Workflow diagram for biosensor expression in the mouse hippocampus using intracranial injections of adeno-associated viruses.

Keywords: Adeno-associated viruses, Acute brain slices, Genetically-encoded fluorescent biosensors, Hippocampus, Intracranial injection, Dentate granule cells


Energy supply is critical for proper brain health and function. Several methods like positron emission tomography, functional magnetic resonance imaging, and nuclear magnetic resonance, have been used for decades to study how energy metabolism responds to simulation and the mechanisms that regulate these responses. However, even with these powerful tools, it is challenging to obtain real-time dynamics of metabolites with cellular or subcellular resolution. On the other hand, the use of genetically encoded fluorescent biosensors can overcome these challenges (Barros et al., 2018). These biosensors report on changes in metabolite levels by changing the intensity of the emitted light, and, in some cases, with changes in the fluorescence lifetime (Yellen and Mongeon, 2015).

Deploying these biosensors requires a vector for delivering recombinant DNA into cells. For gene delivery in vivo, adeno-associated viruses (AAVs) have been particularly useful: their genome size of ~4.7 kb is adequate for many fluorescent proteins, the tropism of their capsids can be harnessed to preferentially target different cell types in the brain, and they can be produced in typical laboratory conditions (Bedbrook et al., 2018; Challis et al., 2019; Kimura et al., 2019).

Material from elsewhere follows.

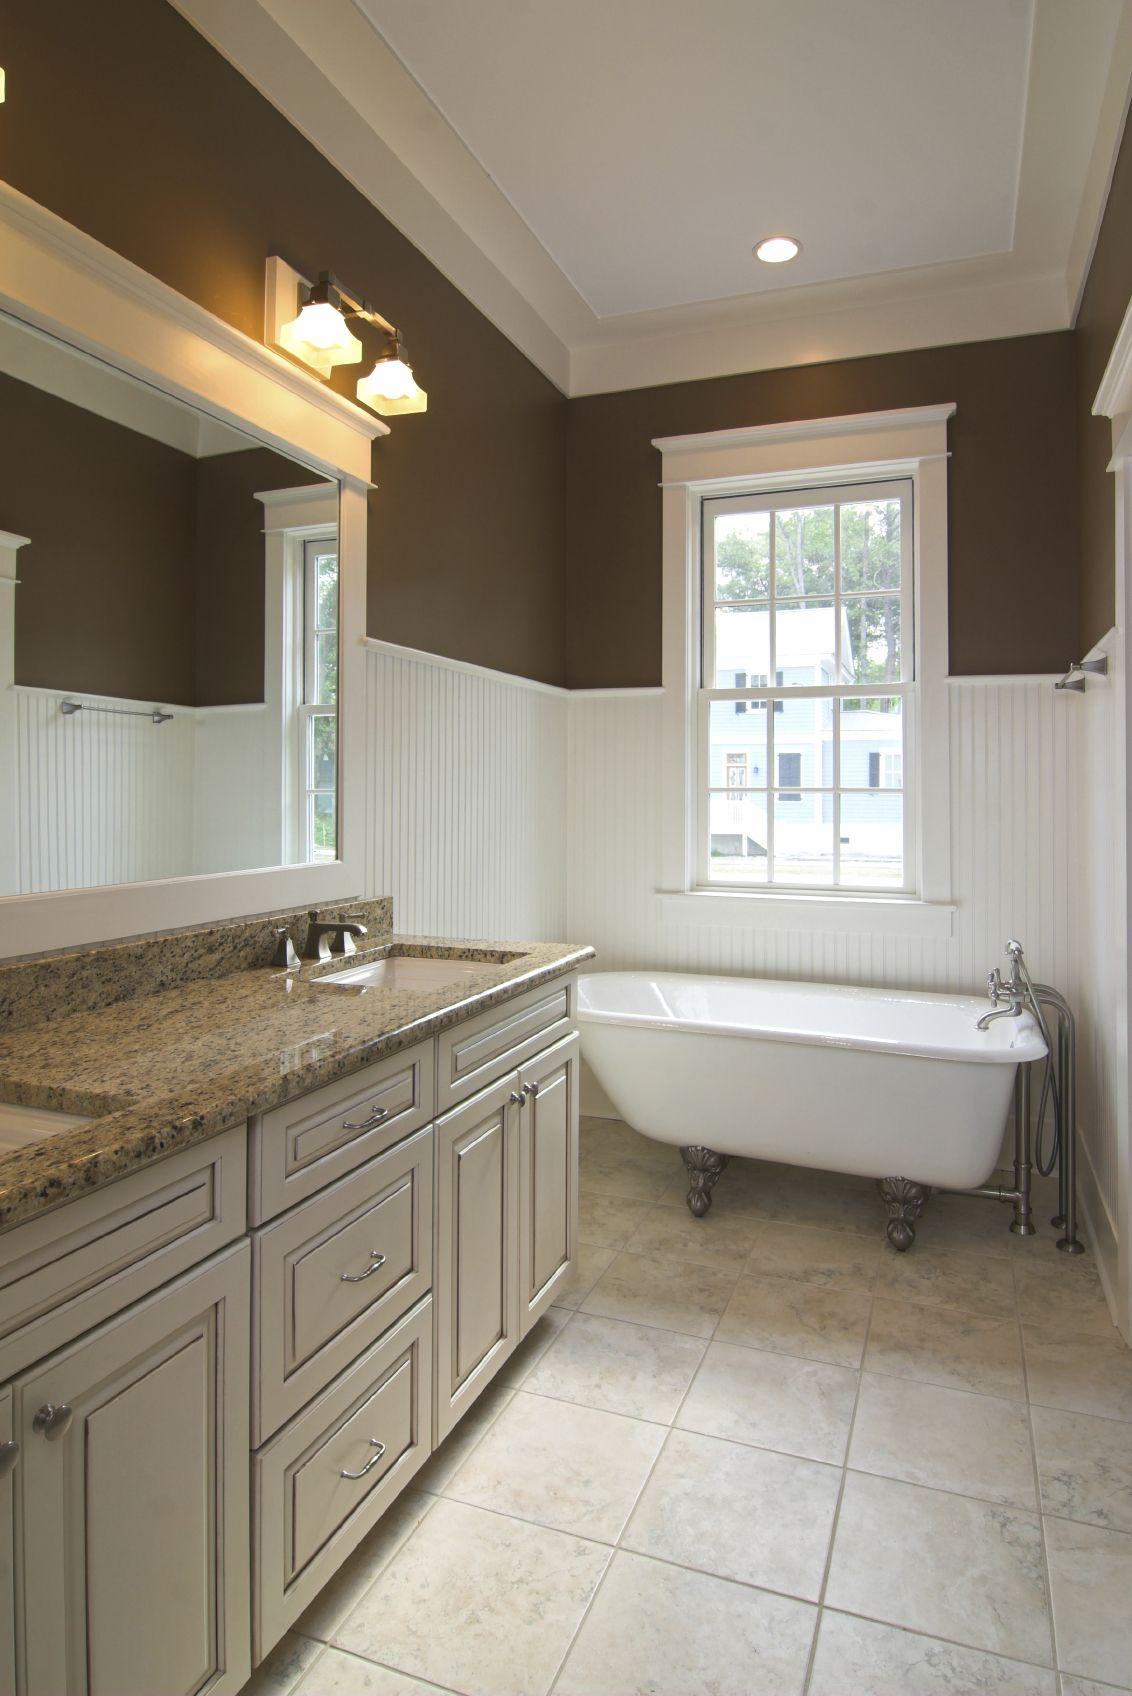 Bathroom Lighting Needs wainscoting, large tile floor, updated cabinet - needs white/light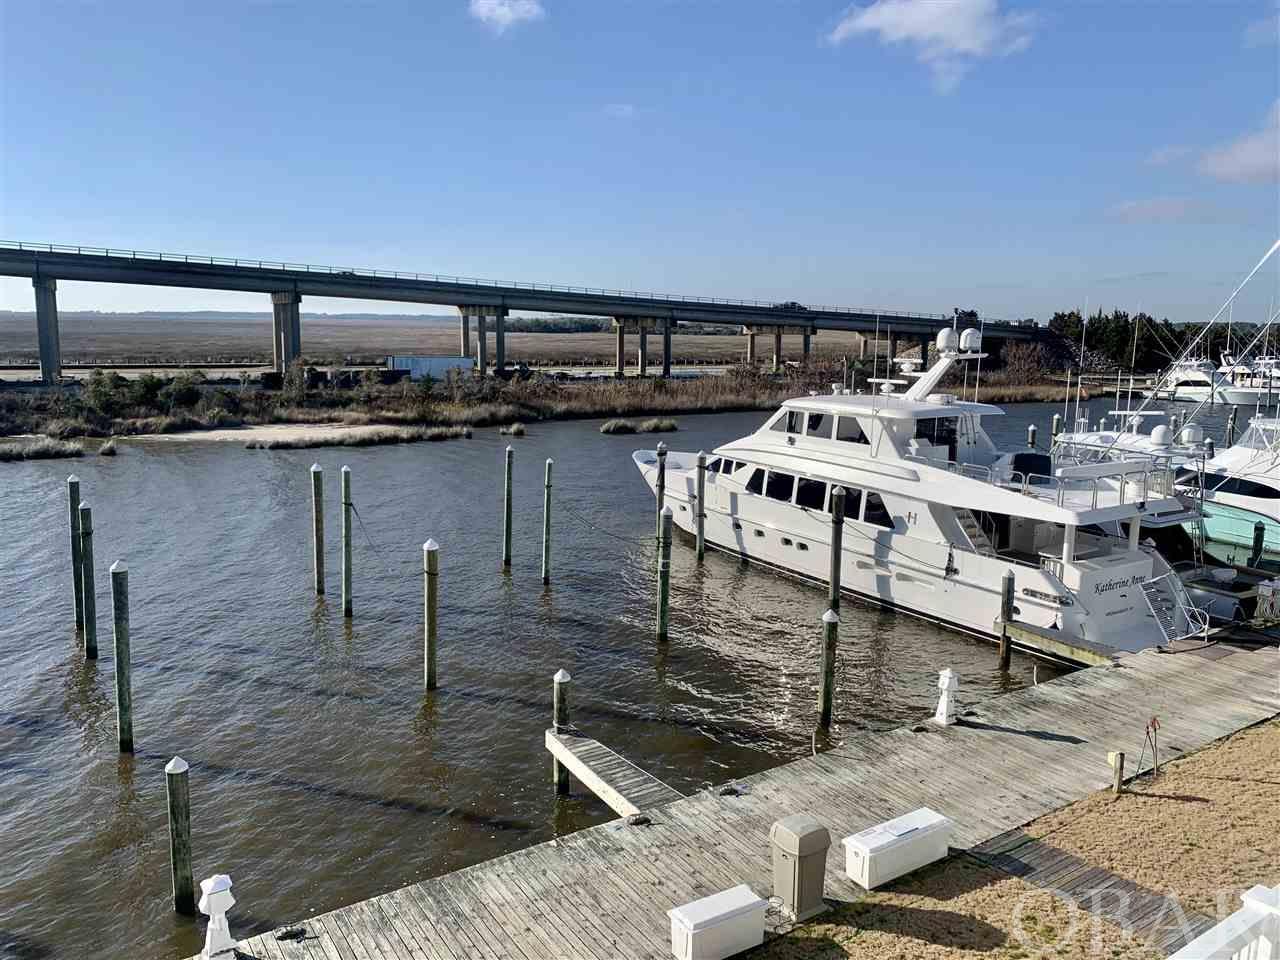 403-sailfish-drive-unit-403-manteo-nc-27954

Here we provide a detailed protocol for intracranial injections of AAVs into the mouse hippocampus, which is arguably one of the most studied regions of the mammalian brain. In our experience, the AAV serotypes 8 and 9 have been equally effective in transducing hippocampal dentate granule cells, using the neuron-specific hSyn promoter, or the pan-mammalian CAG promoter. Using this protocol, we have co-expressed the green metabolic biosensor Peredox (Hung et al., 2011) and the red calcium-sensitive sensor RCaMP1h (Akerboom et al., 2013), to simultaneously monitor the glycolytic production of NADH and the neuronal Ca2+ dynamics, respectively (Díaz-García et al., 2017). This technology has allowed us to study how neuronal activity instructs an increase in neuronal glycolysis, triggered by the energy demand resulting from ion pumping (Díaz-García et al., 2021). This same protocol has been used to express biosensors in both neurons and astrocytes throughout the juvenile mouse hippocampus (Mongeon et al., 2016).

Materials and Reagents

  1. Wiretrol® II disposable micropipets and plunger (Drummond, catalog number: 5-000-2005; VWR, catalog number: 53507-426)

  2. MicroFil 28 Gauge, length: 67 mm, non-metallic syringe needle (World Precision Instruments, catalog number: MF28G67-5)

  3. Electrophysiology pipette holder (Warner Instruments, catalog number: 64-0837)

  4. Surgical tape (3M Micropore Medical Tape, catalog number: 1530-0)

  5. 70% isopropyl alcohol wipes (Covidien Curity Alcohol Prep, catalog number: 5750, stored at room temperature)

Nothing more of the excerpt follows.